■ **Data segment**
◇ ◇ ◇ ◇ ◇

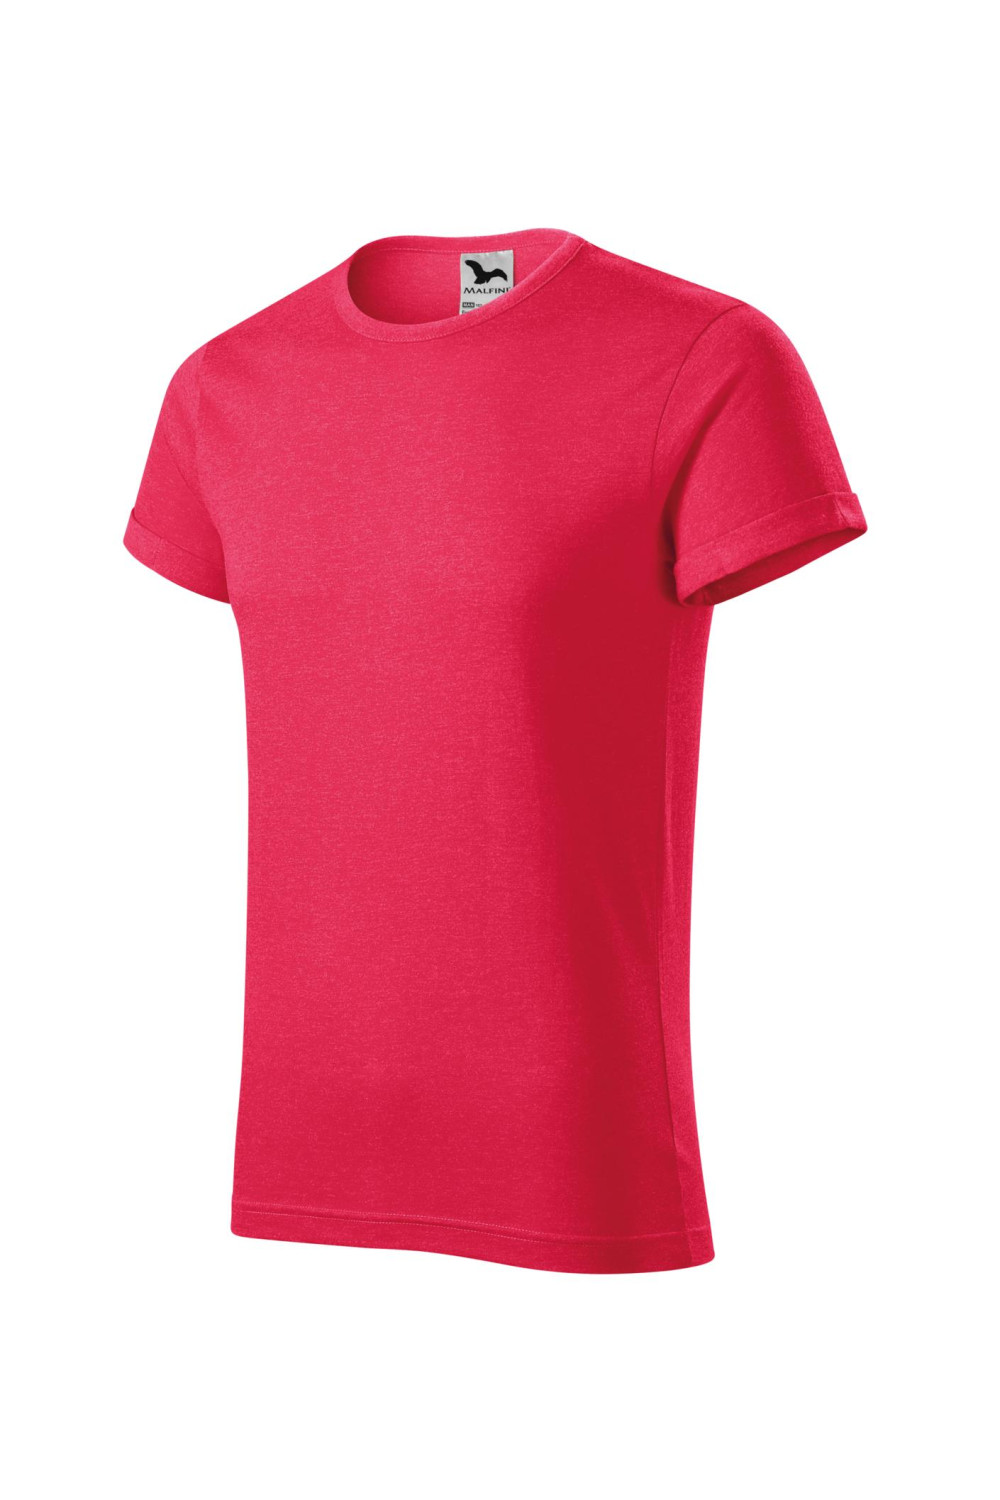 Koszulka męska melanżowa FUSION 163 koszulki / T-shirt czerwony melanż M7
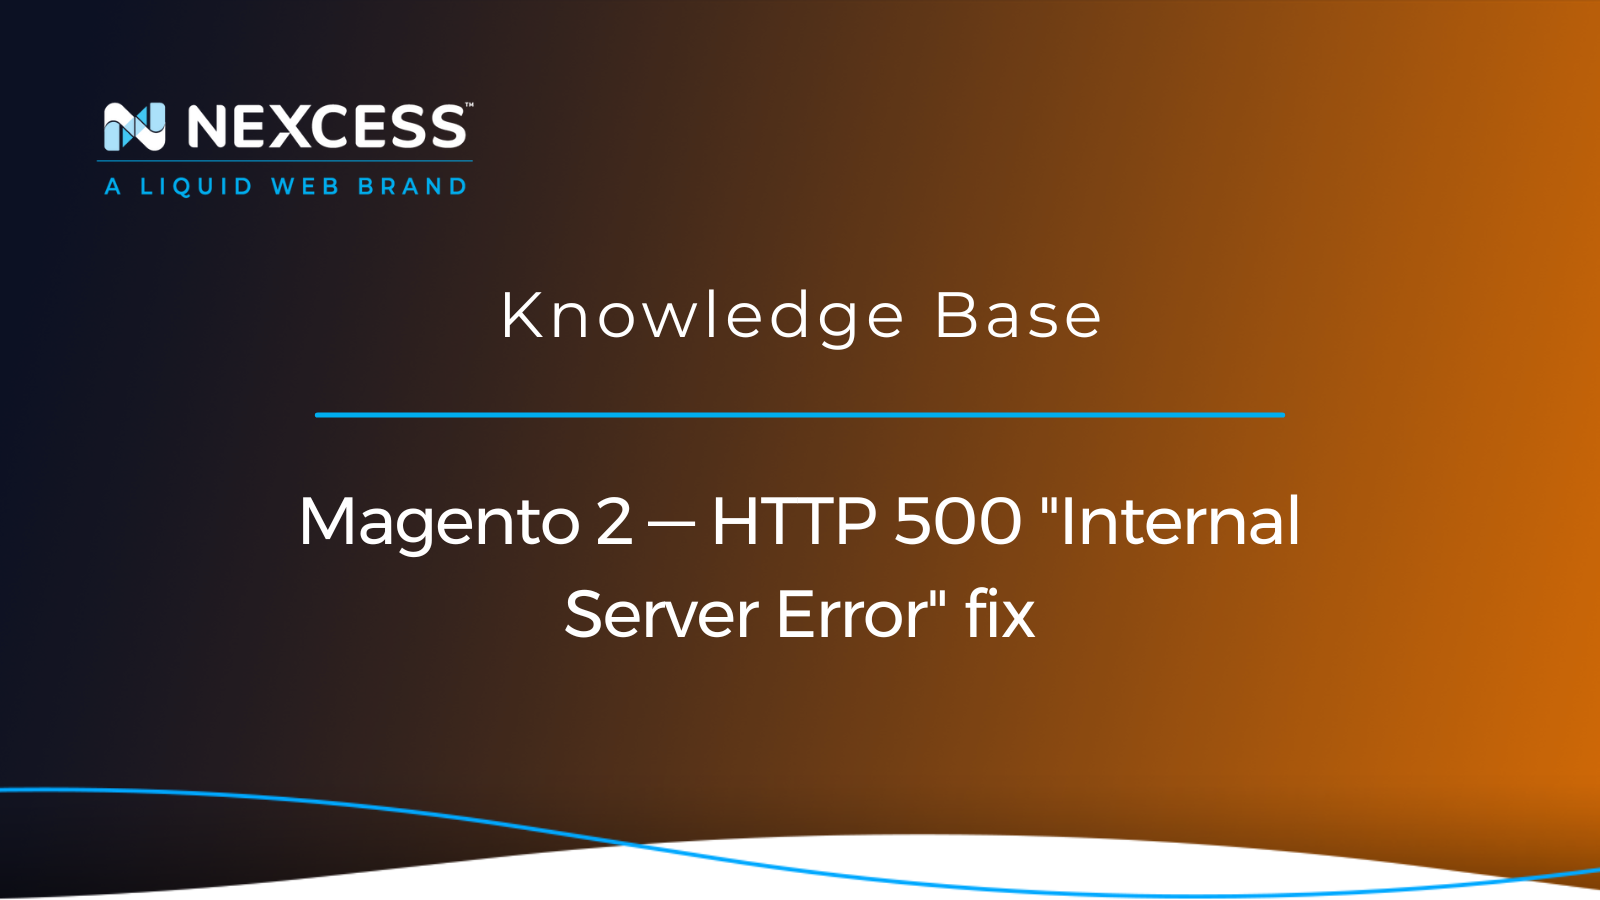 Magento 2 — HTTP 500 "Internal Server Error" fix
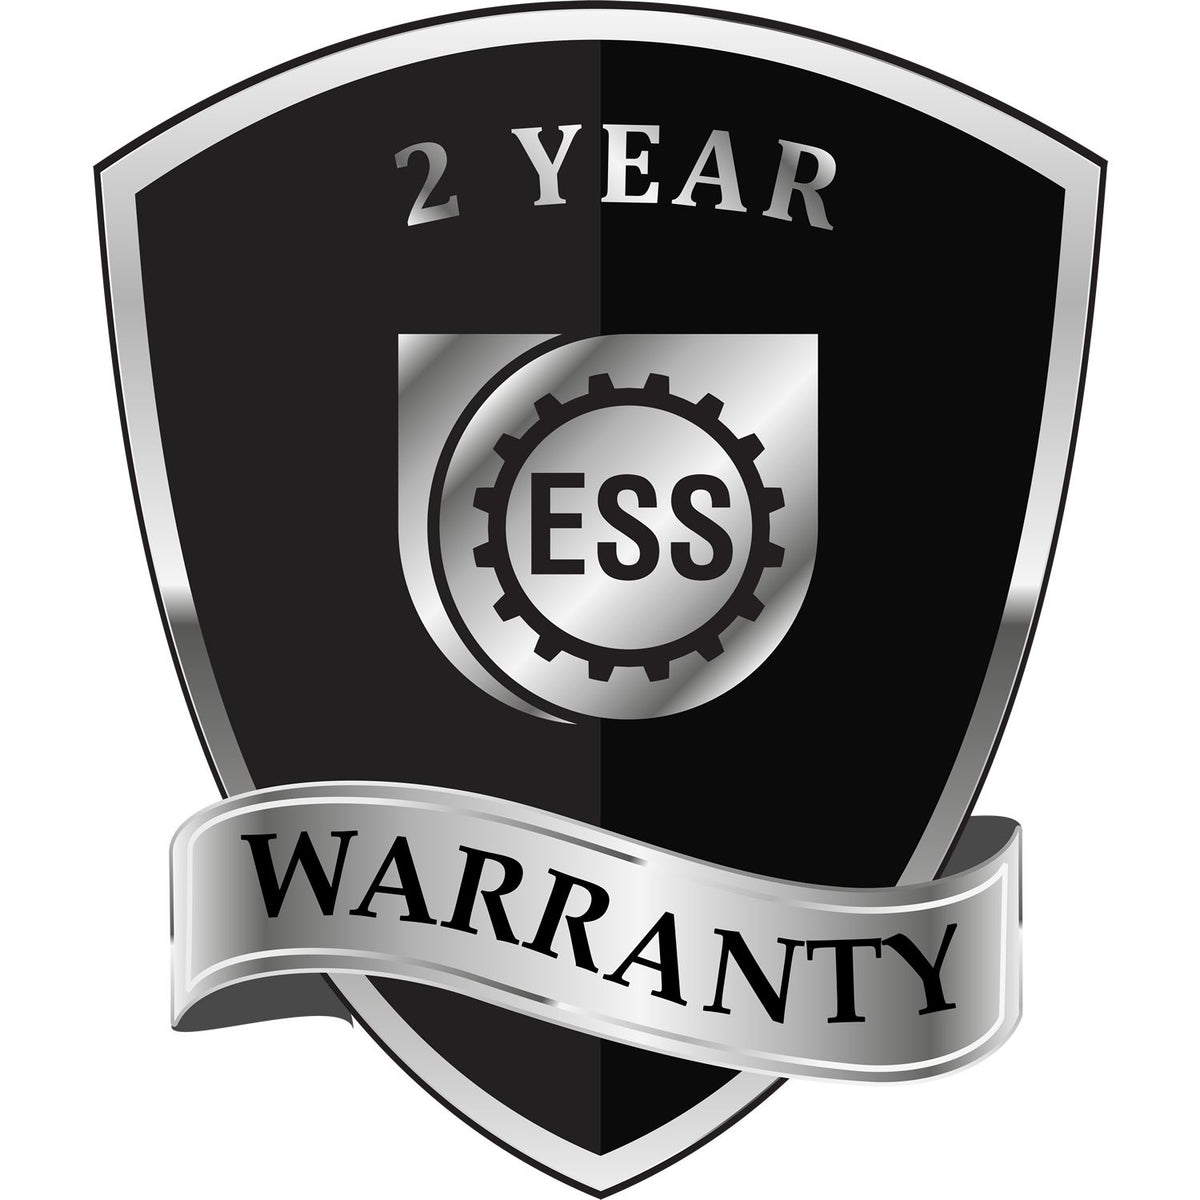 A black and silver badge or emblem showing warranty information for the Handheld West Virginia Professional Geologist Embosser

◇ ◇ ◇ ◇ ◇

■ **Description of the task**
With the images excluded, reproduce the data above precisely as written.

■ **Output below**
 Koszulka męska melanżowa FUSION 163 koszulki / T-shirt czerwony melanż M7
 Magento 2 — HTTP 500 "Internal Server Error" fix
 A black and silver badge or emblem showing warranty information for the Handheld West Virginia Professional Geologist Embosser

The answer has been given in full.